Sweden’s Political Warning The Sweden Democrats finish third on an anti-immigration platform.

https://www.wsj.com/articles/swedens-political-warning-1536531909

Swedes went to the polls on Sunday and although it will take some time for a ruling coalition to emerge, the biggest immediate winner appears to be the party that won’t form a government. The Sweden Democrats, born as a far-right political movement and now an anti-immigration party, garnered a little under 18% of the vote. That third-place finish is their best electoral result.

The governing party is still likely to be either the first-place center-left Social Democrats or the second-place center-right Moderate Party, the anchors of Swedish politics for decades. But they will govern with reduced vote tallies, and no coalition is likely to enjoy a majority in parliament.

As in so many recent European elections, the authority of mainstream parties is eroding. The Moderates were the biggest losers Sunday compared to 2014, down 3.5 points to 20%. The ruling Social Democrats have been hemorrhaging voters for years. Their better-than-expected result Sunday is that they finished at 28%, three percentage points down from the last election but well shy of the 40% tally they used to achieve.

The Sweden Democrats have won over many disaffected working-class voters, as the party’s share of the vote has risen from under 6% in 2010. Others have shifted to the Left coalition, a far-left faction whose vote total also rose more than two percentage points Sunday.

Many commentators—and more than a few Swedish and European Union politicians—will mourn growing support for the “far right” by Sweden’s historically tolerant voters. That misses much of the story.

The Sweden Democrats have gained support in particular since Sweden’s decision to accept the highest number of Middle Eastern migrants relative to population of any European country in the 2015 crisis. And in this campaign the mainstream parties matched the Sweden Democrats with get-tough immigration pledges of their own. The Sweden Democrats, meanwhile, hew to conventional views on the need to spend more on Sweden’s welfare state.

What’s really on display is weakening public trust in mainstream politicians and parties. Voters increasingly doubt that the Social Democrats or Moderates will deliver on promises to stem immigration or reduce waiting times for doctors. Maybe the Sweden Democrats would fail if they take power, but they haven’t been promising and failing for years.
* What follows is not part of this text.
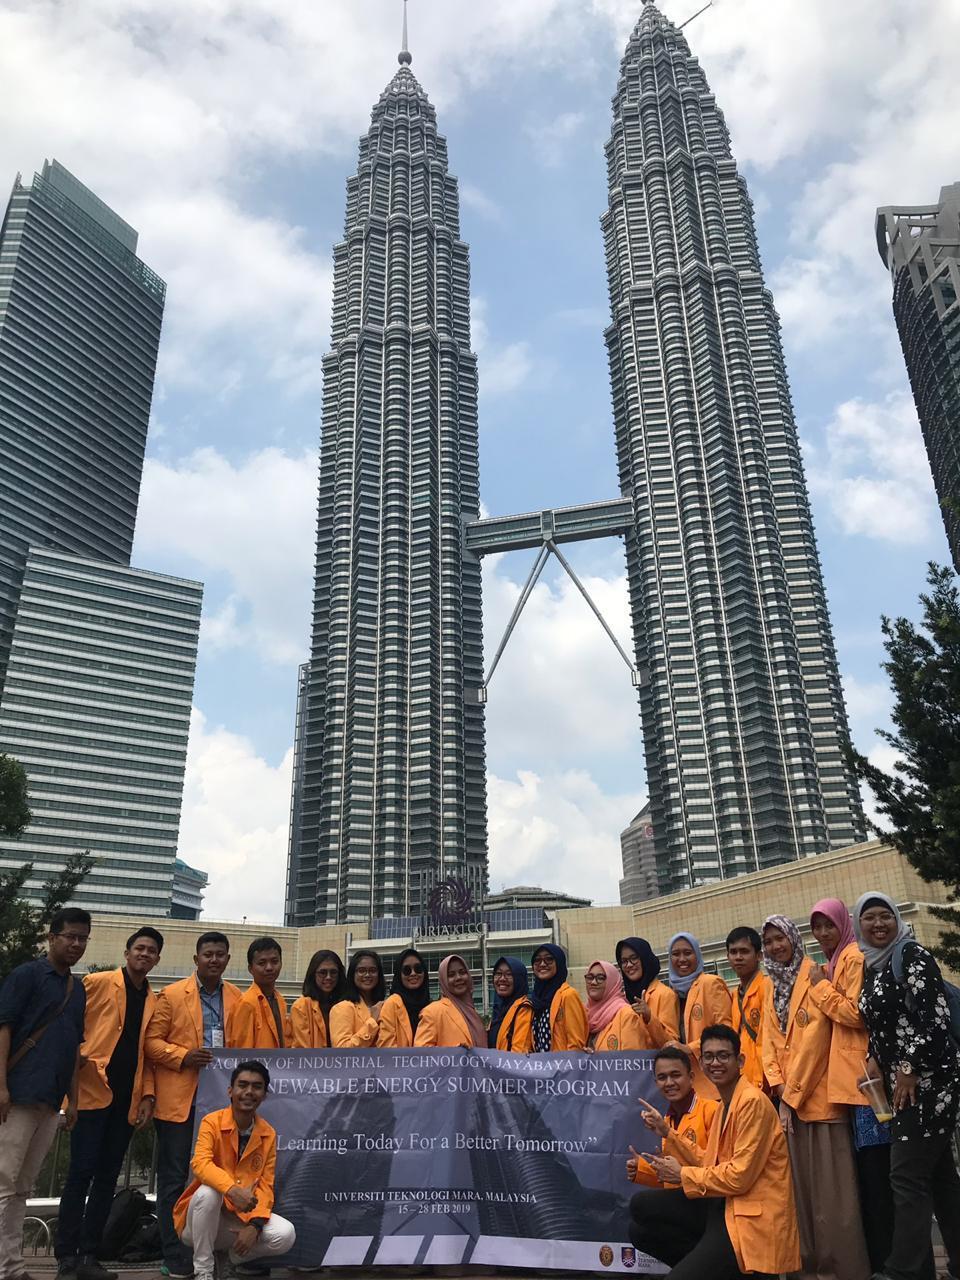 Kunjungan Universitas Jayabaya ke Malaysia

The Sweden Democrats trace their origins to a neo-Nazi group, and while the party’s current leaders claim to have purged those elements, they bear watching for the uglier forms of nationalist sentiment. The other parties have pledged to lock the Sweden Democrats out of any governing coalition. But if those parties don’t start delivering on campaign promises, more and bigger electoral upsets are inevitable.